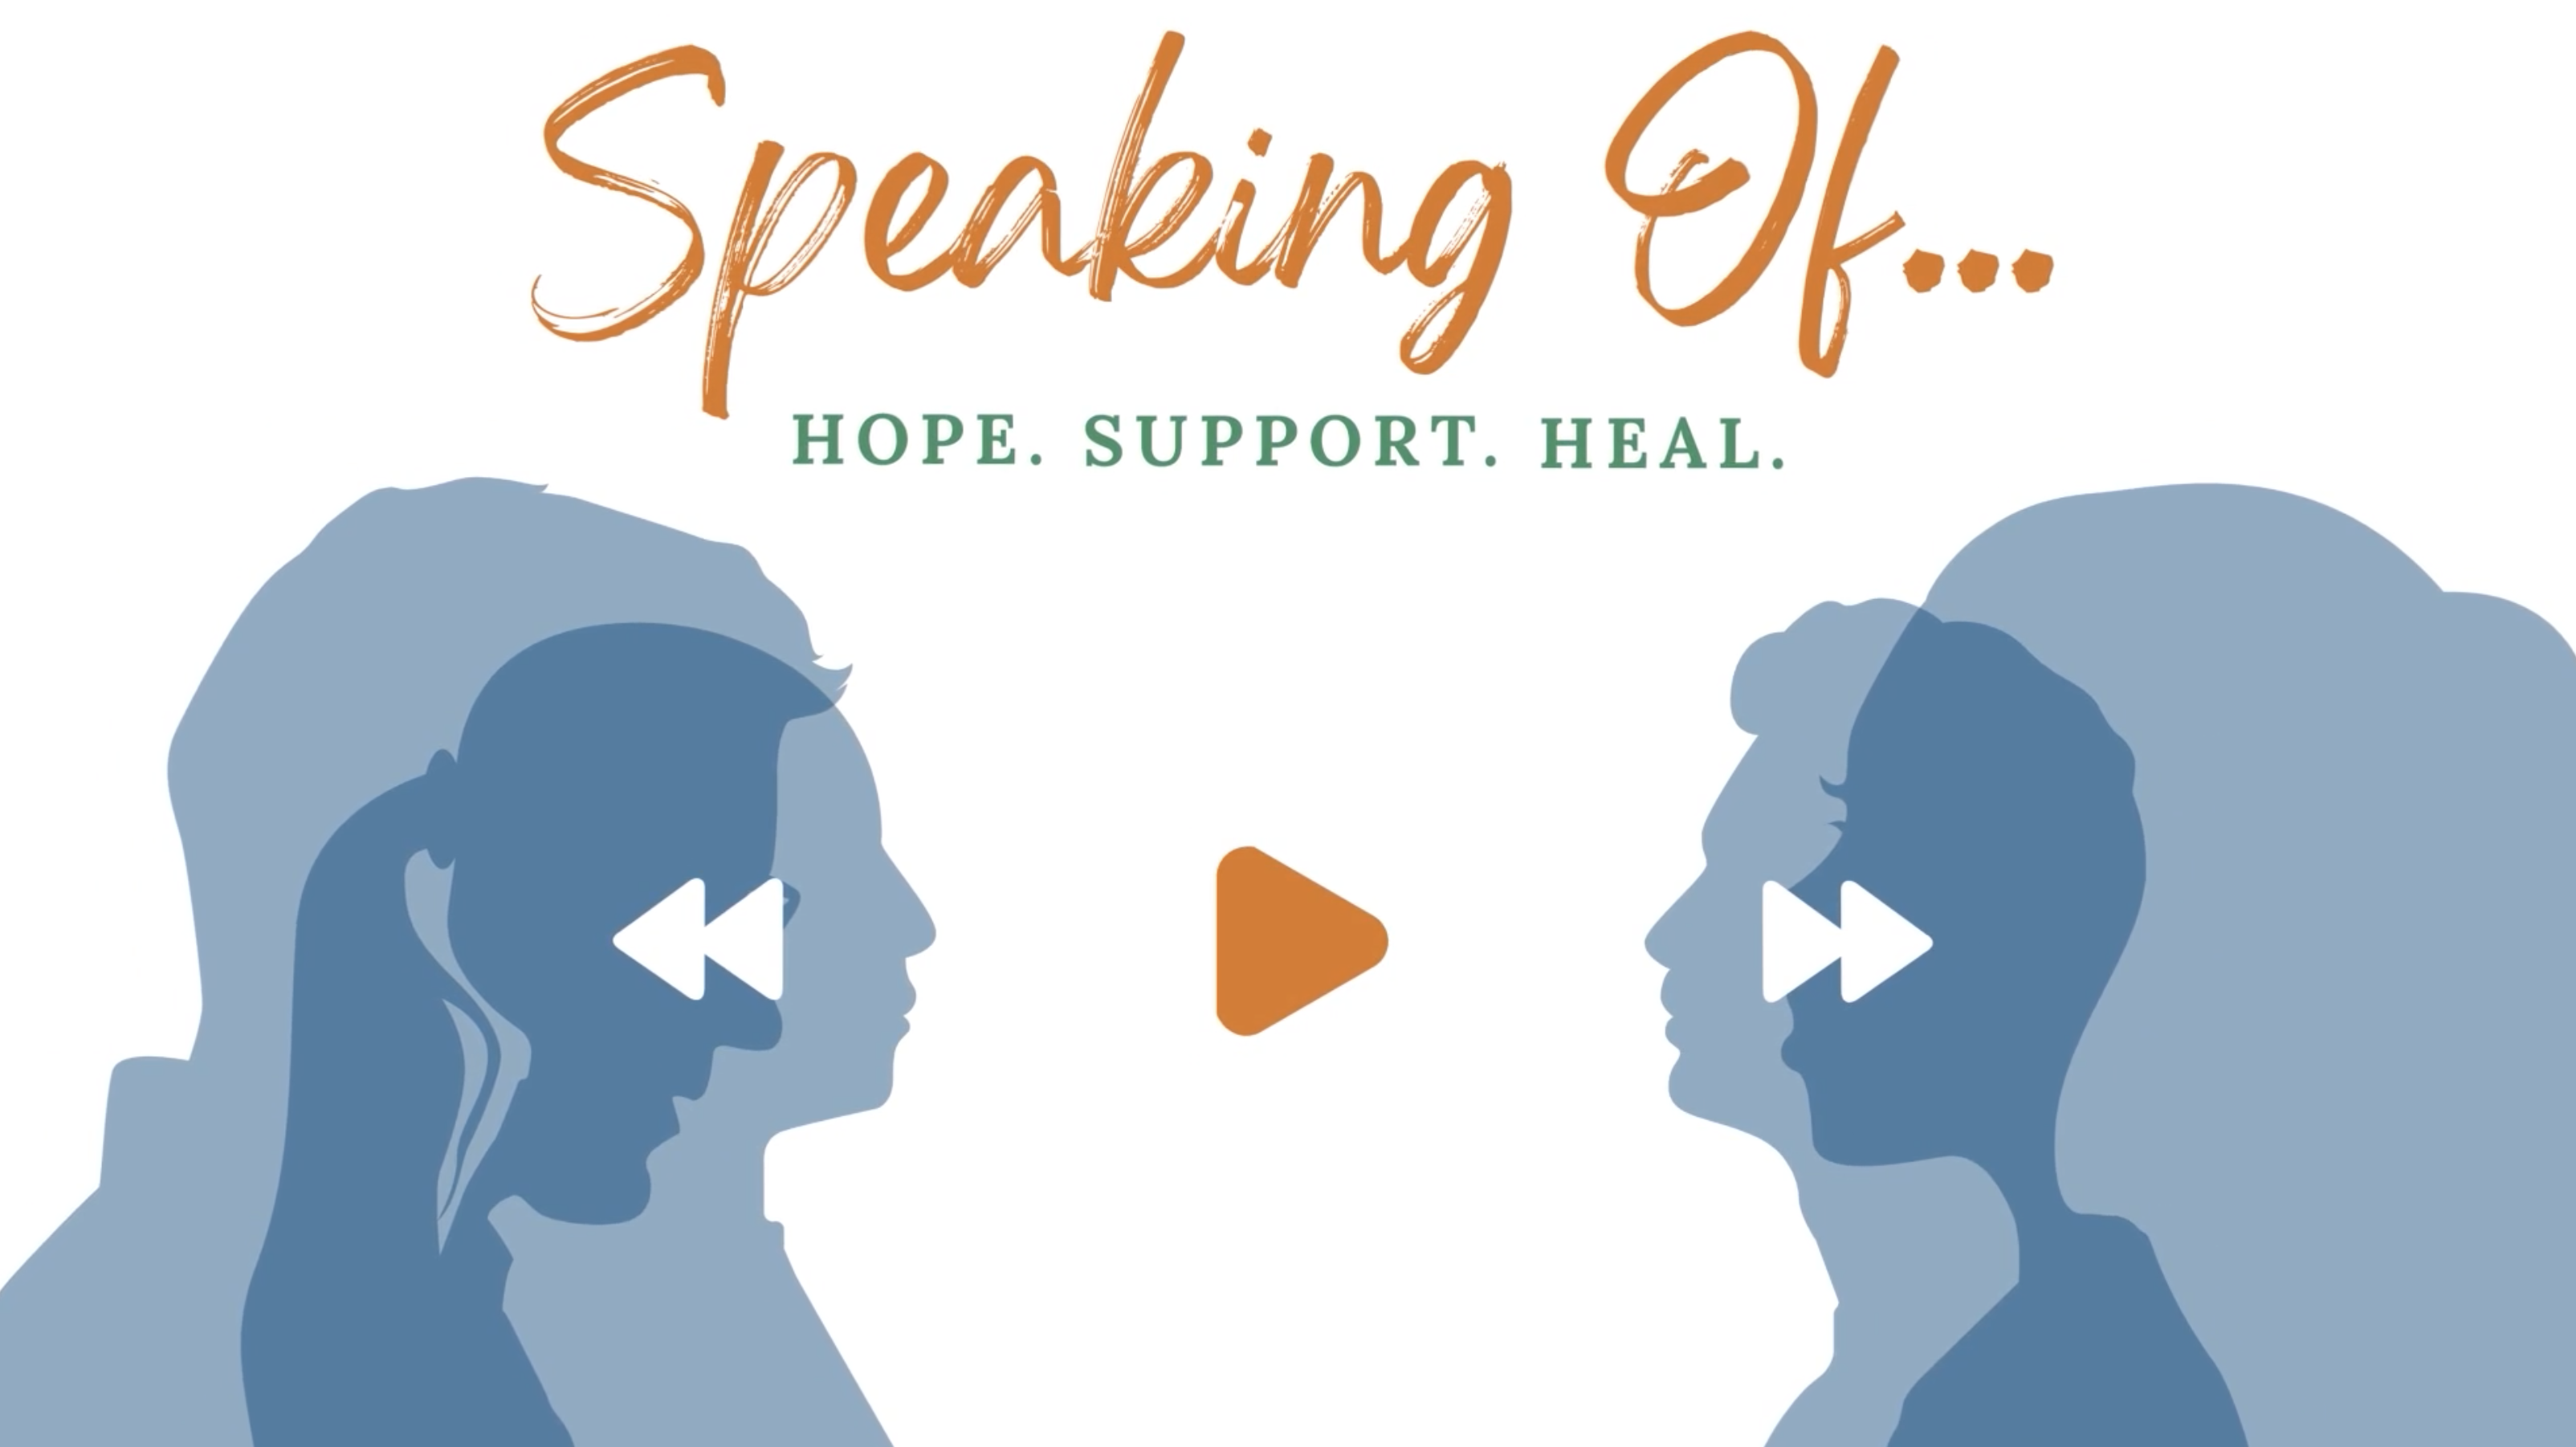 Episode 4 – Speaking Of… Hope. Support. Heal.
------------------------------
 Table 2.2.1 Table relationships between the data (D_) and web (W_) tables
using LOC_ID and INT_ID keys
------------------------------
Precisely the lines between those holding "Table 2.2.1 Table" and "using LOC_ID and INT_ID keys", inclusive, are to be reproduced from the listing above, with nothing added.

= Task output =
 Table 2.2.1 Table relationships between the data (D_) and web (W_) tables
using LOC_ID and INT_ID keys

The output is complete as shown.